Greetings from Pluto: Dwarf planet is bigger than scientists thought

On the eve of NASA’s historic flyby of Pluto, scientists announced Monday that the New Horizons spacecraft has nailed the size of the faraway icy world. New Horizons’ 3 billion-mile, 9½-year journey from Cape Canaveral, Fla., culminates Tuesday morning when the spacecraft zooms within 7,767 miles of Pluto at 31,000 mph. Mission managers said there’s only 1 chance in 10,000 that something could go wrong — like a debilitating debris strike — this late in the game.

We’re flying into the unknown.
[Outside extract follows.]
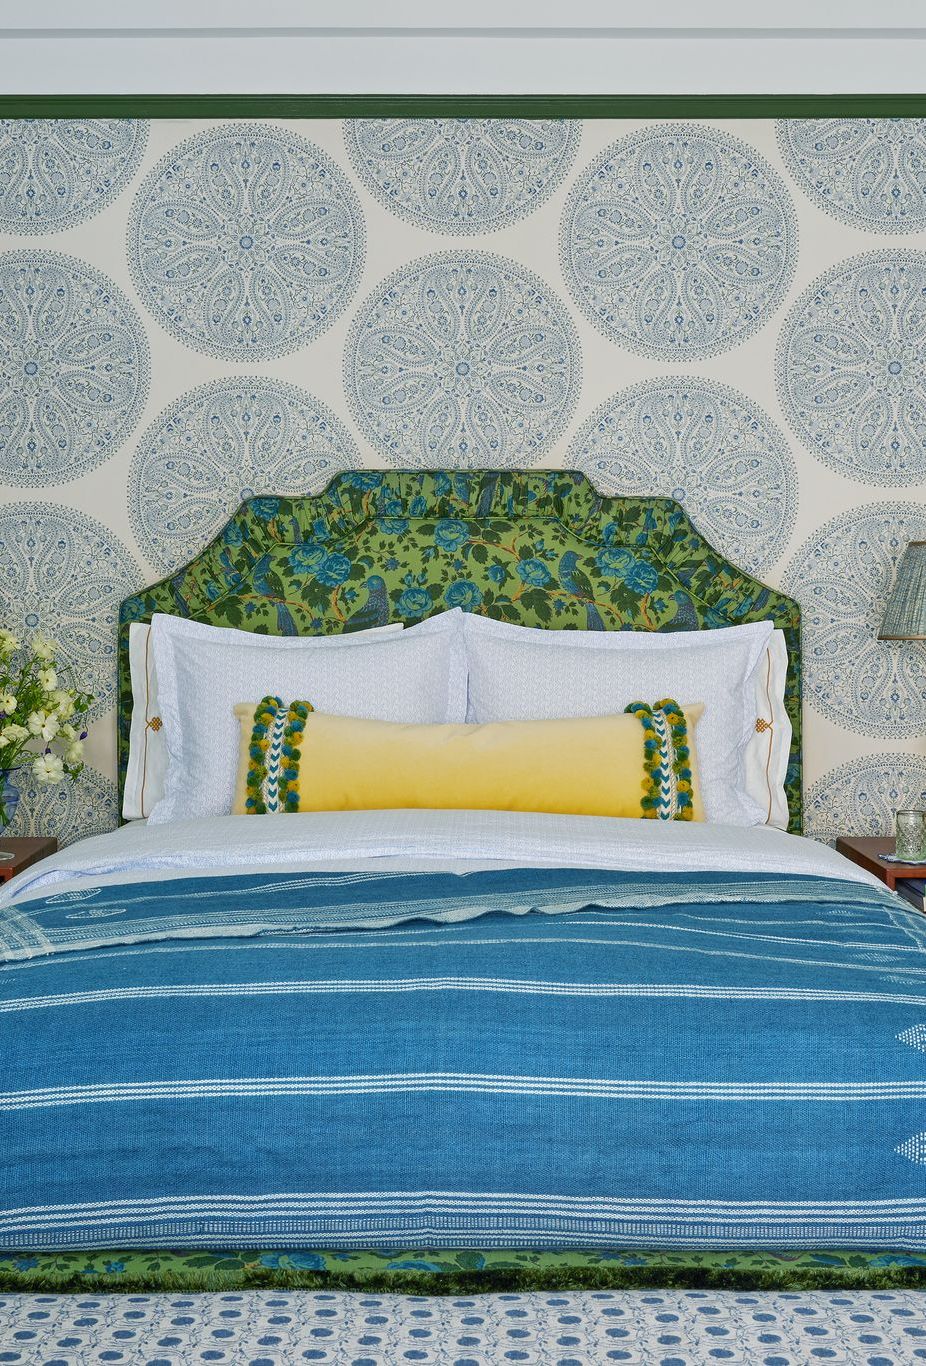 a bed with a blue and yellow comforter

This is the risk we take with all kinds of exploration. … Tomorrow morning a United States spacecraft will fly by the Pluto system and make history.

Principal scientist Alan Stern

New Horizons has already beamed back the best-ever images of Pluto and big moon Charon on the far fringes of the solar system. Besides the revised size of Pluto — still a solar system runt, not even one-fifth the size of Earth — scientists have confirmed that Pluto’s north pole is indeed icy as had been suspected. It’s packed with methane and nitrogen ice. And traces of Pluto’s nitrogen-rich atmosphere have been found farther from the dwarf planet than anticipated. New Horizons detected lost nitrogen nearly a week ago.